Final answer:
The tension in a string when a ball is whirled in a vertical circle is the sum of the centripetal force and the ball's weight at the bottom of the circle, which can be calculated using the formula T = m(rω² + g), where m is the mass, r is the radius, ω is the angular velocity, and g is the acceleration due to gravity.
Step-by-step explanation:
The question pertains to the tension in a string when a ball is whirled in a vertical circle. According to physics principles, when the ball moves over the top of the circle at the slowest possible speed, the tension can be considered negligible. However, at the bottom of the circle, the tension in the string must provide the centripetal force required to keep the ball moving in a circle, while also countering the gravitational force acting on the ball. Hence, the tension will be greater at the bottom of the circle.
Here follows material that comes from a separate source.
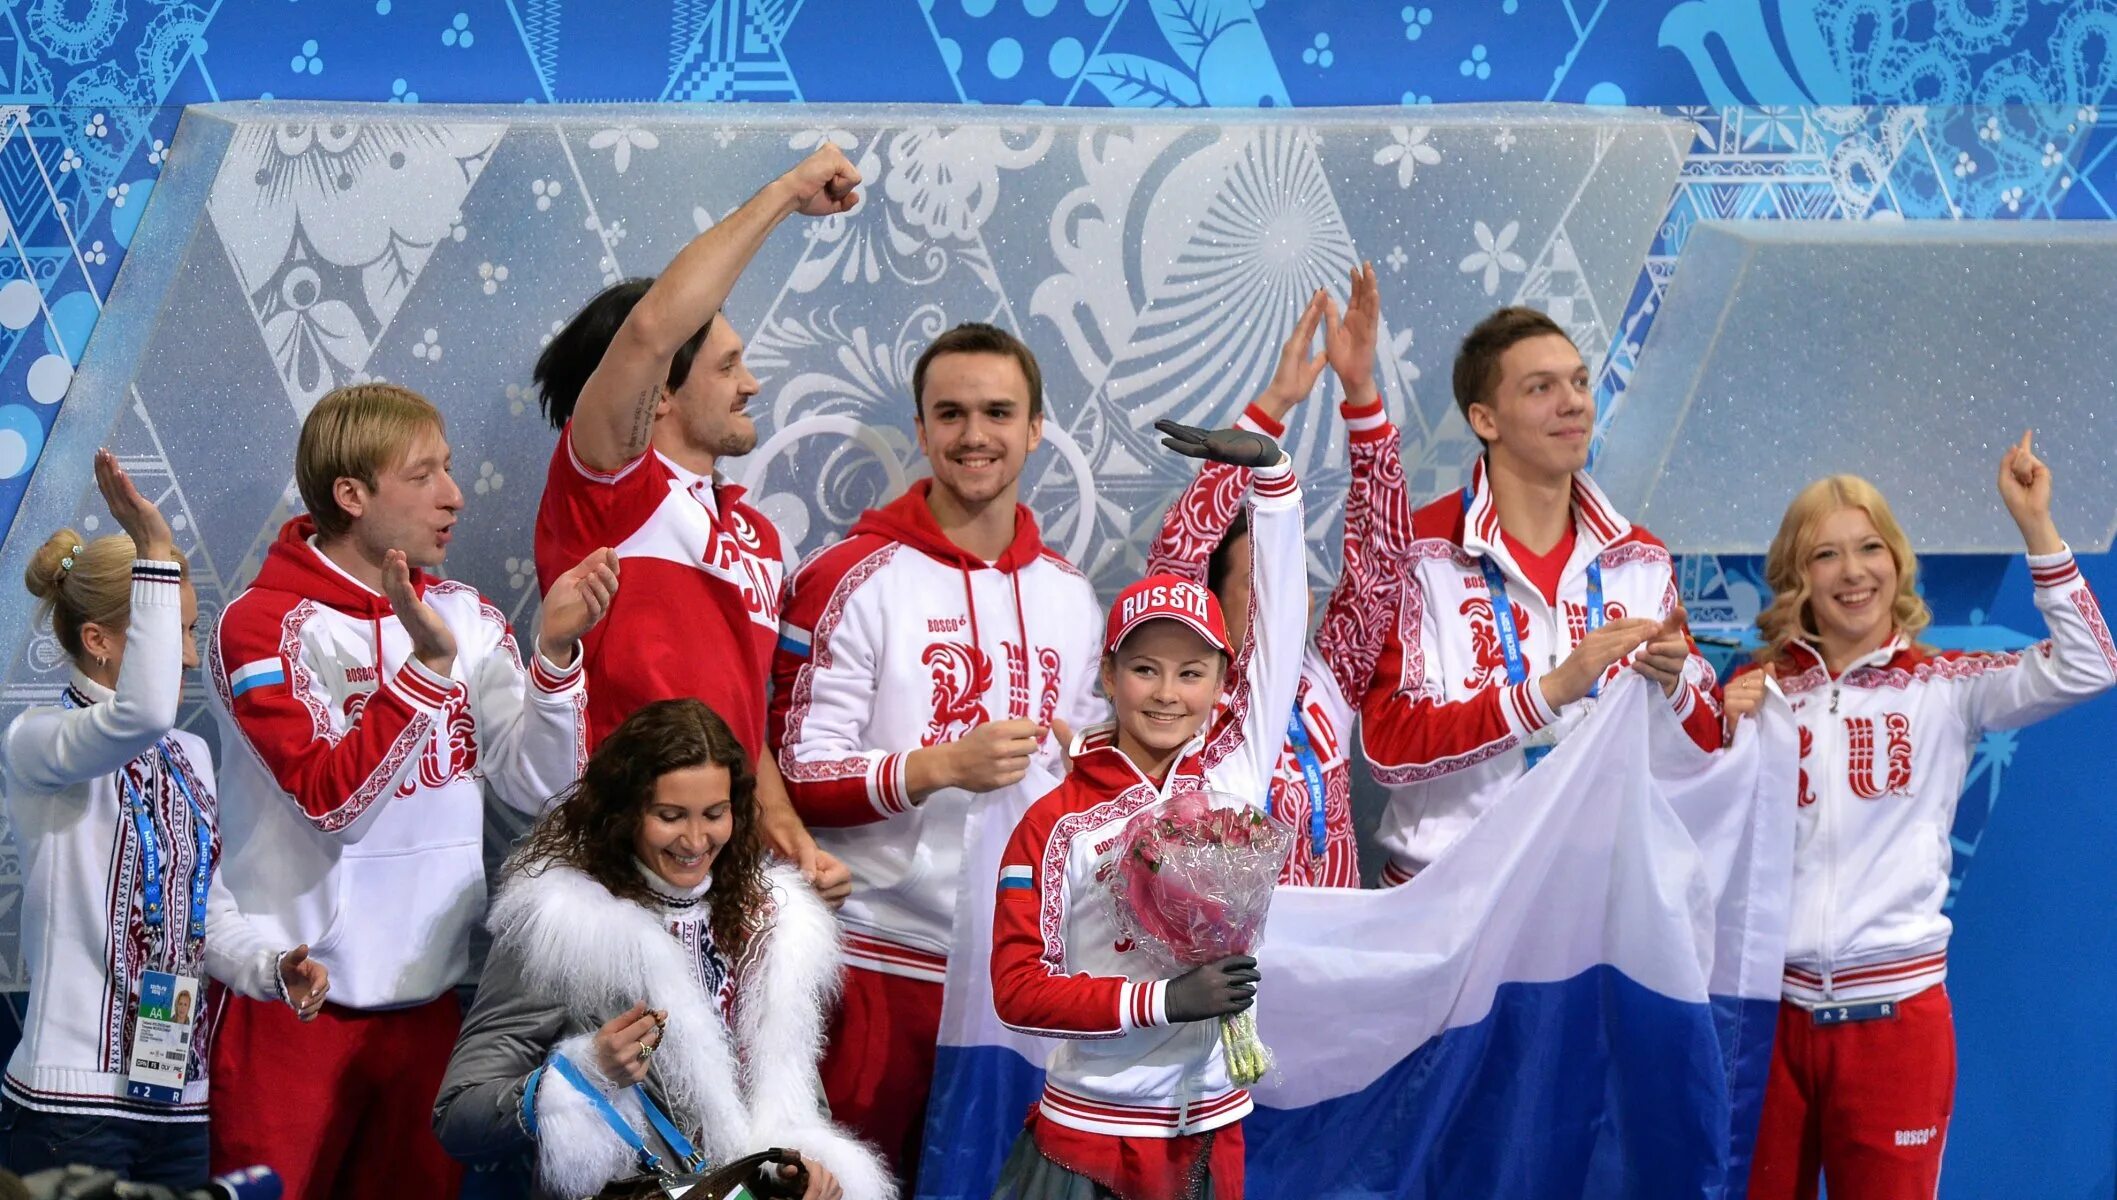 Сборная команда по фигурному катанию 2014 Сочи. Тутберидзе и Плющенко Сочи 2014.

Analysis of Tension Forces
We have to consider two forces acting on the stone at the bottom of the vertical circle: the gravitational force (mg) and the centripetal force (mrω²), where 'm' is the mass of the stone, 'g' is the acceleration due to gravity, 'r' is the radius of the circular path, and 'ω' is the angular velocity of the stone.
The total tension in the string at this point will be the sum of the forces required for centripetal acceleration and the weight of the stone. Therefore, the formula for the tension at the bottom of the circle is:
Tension (T) = Centripetal force + Weight
T = m(rω² + g)
In scenarios like this, we would use the given values for mass, radius, and angular velocity to calculate the tension at specific points in the motion of the stone.